# Sparring on 12-12-12



## Never_A_Reflection (Dec 14, 2012)

Here are a couple short clips from last night's Sparring Class. I knew I was having an off night but MAN do I look sloppy!  In one video I'm sparring Tiffany, who is my instructor's girlfriend, and she trains in a different, very unique style, so she is always an interesting sparring partner. In  the other video I'm sparring my Sensei, and I sparred him after  fighting everyone else, so that made me even sloppier--leave it to me to spend half the round grappling because I'm tired .

I am the tall guy in the black compression shirt and gi pants. It's pretty easy to see me in the first video because we were sparring close to where I had the camera set up, but when I spar my Sensei we are in the very back of the room, so the other people sparring get plenty of screen time, too!

[video=youtube_share;sLzOyaKWArU]http://youtu.be/sLzOyaKWArU[/video]
[video=youtube_share;Pf12mFdr-Eo]http://youtu.be/Pf12mFdr-Eo[/video]


----------



## Monkey Turned Wolf (Dec 14, 2012)

Quick question..why the huge difference in fighting style between the two videos? I know you said you were having an off night and tried to grapple because you were tired, bu it seems like two entirely different people. After the first video, I was going to comment saying you need to commit yourself more, and be a bit less nervous (at least it looked nervous to me. At one point near the end, she just raised her hand and you cut off your attack to jump back lol). But then I watched the second video, and during the few parts you were standing up (cant comment on the grappling since I don't grapple much) you seemed to be relentless and at the beginning of the second grappling, practically bullrushed him to get him to the ground. (not that you did a bad job getting him to the ground, just were very aggressive about it)

Any reason for the huge difference? Is it just that you're more comfortable with your sensei, or that you just really wanted to grapple, or something else entirely?


----------



## Never_A_Reflection (Dec 14, 2012)

kempodisciple said:


> Quick question..why the huge difference in fighting style between the two videos? I know you said you were having an off night and tried to grapple because you were tired, bu it seems like two entirely different people. After the first video, I was going to comment saying you need to commit yourself more, and be a bit less nervous (at least it looked nervous to me. At one point near the end, she just raised her hand and you cut off your attack to jump back lol). But then I watched the second video, and during the few parts you were standing up (cant comment on the grappling since I don't grapple much) you seemed to be relentless and at the beginning of the second grappling, practically bullrushed him to get him to the ground. (not that you did a bad job getting him to the ground, just were very aggressive about it)
> 
> Any reason for the huge difference? Is it just that you're more comfortable with your sensei, or that you just really wanted to grapple, or something else entirely?
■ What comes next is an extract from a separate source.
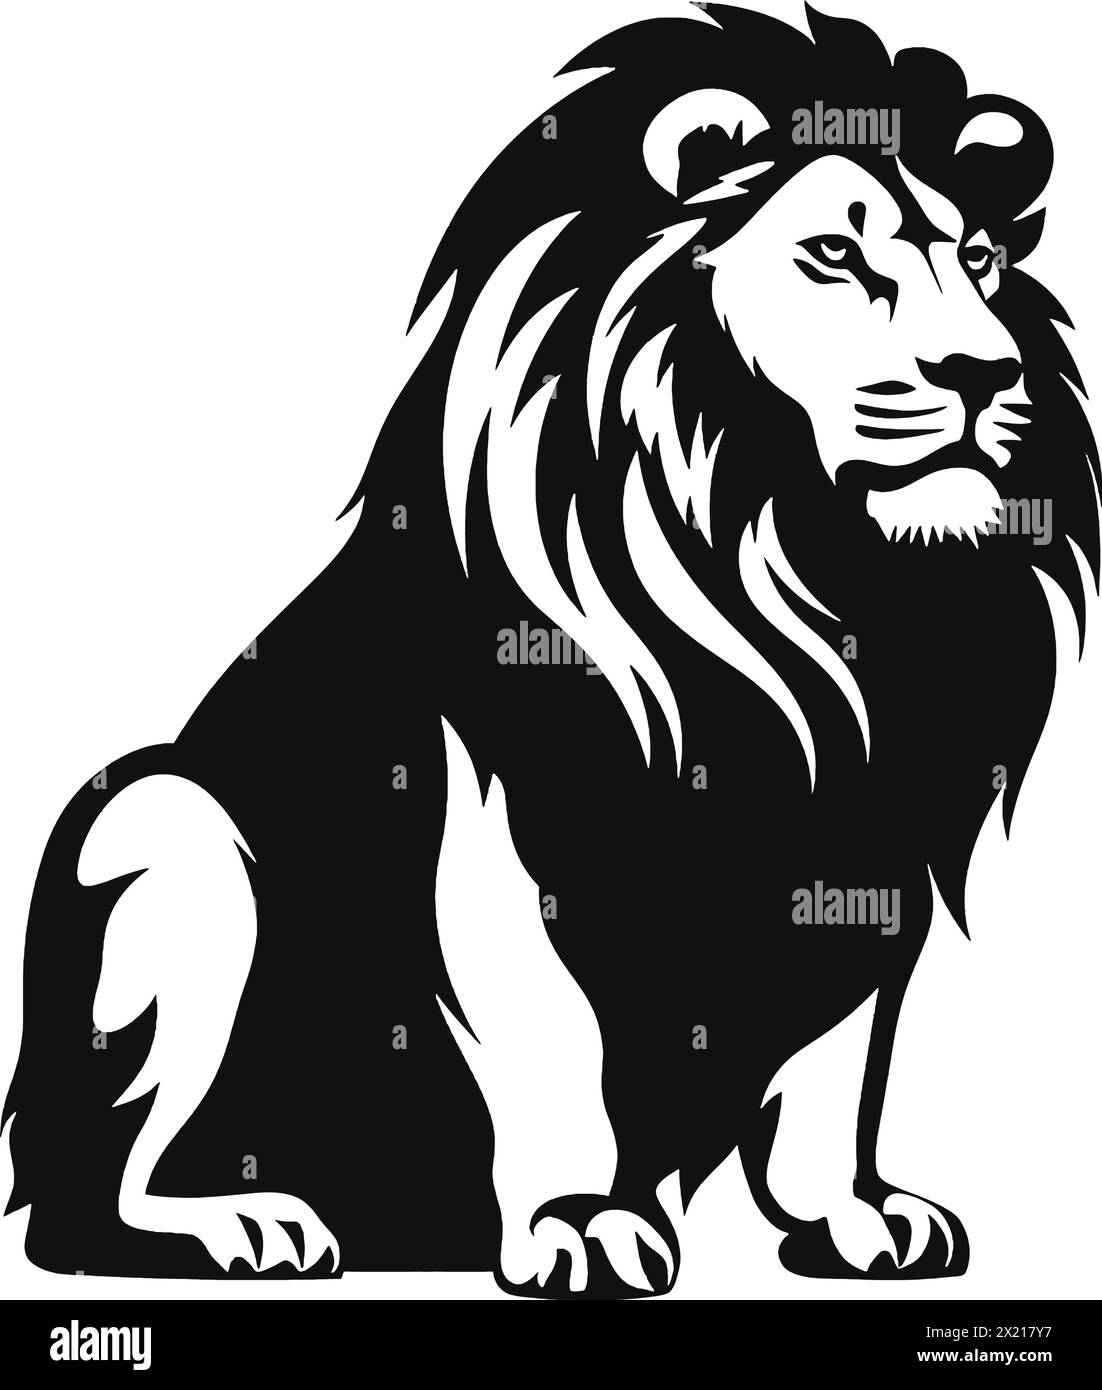 Illustration vectorielle d'un lion en silhouette noire sur un fond blanc propre, capturant des formes gracieuses. Illustration de Vecteur

Normally when I clinch up with people I do sweeps and throws, but I was too tired and so I just relied on my weight, so I wasn't very graceful--the bull-rushing is not something I'm terribly proud of 

As for the difference, I spar different people different ways. Tiffany doesn't spar much and isn't terribly fond of sparring, but she also lands strikes from odd angles at odd times, so I typically spar her in a light, reserved manner. My Sensei spars all the time and is leaps and bounds better than I will likely ever be, so I know that I have to up my intensity level when I spar with him in order to push my limits and try to figure out how to overcome the challenges he presents.


----------



## Monkey Turned Wolf (Dec 14, 2012)

Never_A_Reflection said:


> Normally when I clinch up with people I do sweeps and throws, but I was too tired and so I just relied on my weight, so I wasn't very graceful--the bull-rushing is not something I'm terribly proud of


Haha I figured as much, no worries. We all get tired at some point 



> As for the difference, I spar different people different ways. Tiffany doesn't spar much and isn't terribly fond of sparring, but she also lands strikes from odd angles at odd times, so I typically spar her in a light, reserved manner. My Sensei spars all the time and is leaps and bounds better than I will likely ever be, so I know that I have to up my intensity level when I spar with him in order to push my limits and try to figure out how to overcome the challenges he presents.


Ahh, ok that makes a lot more sense.


----------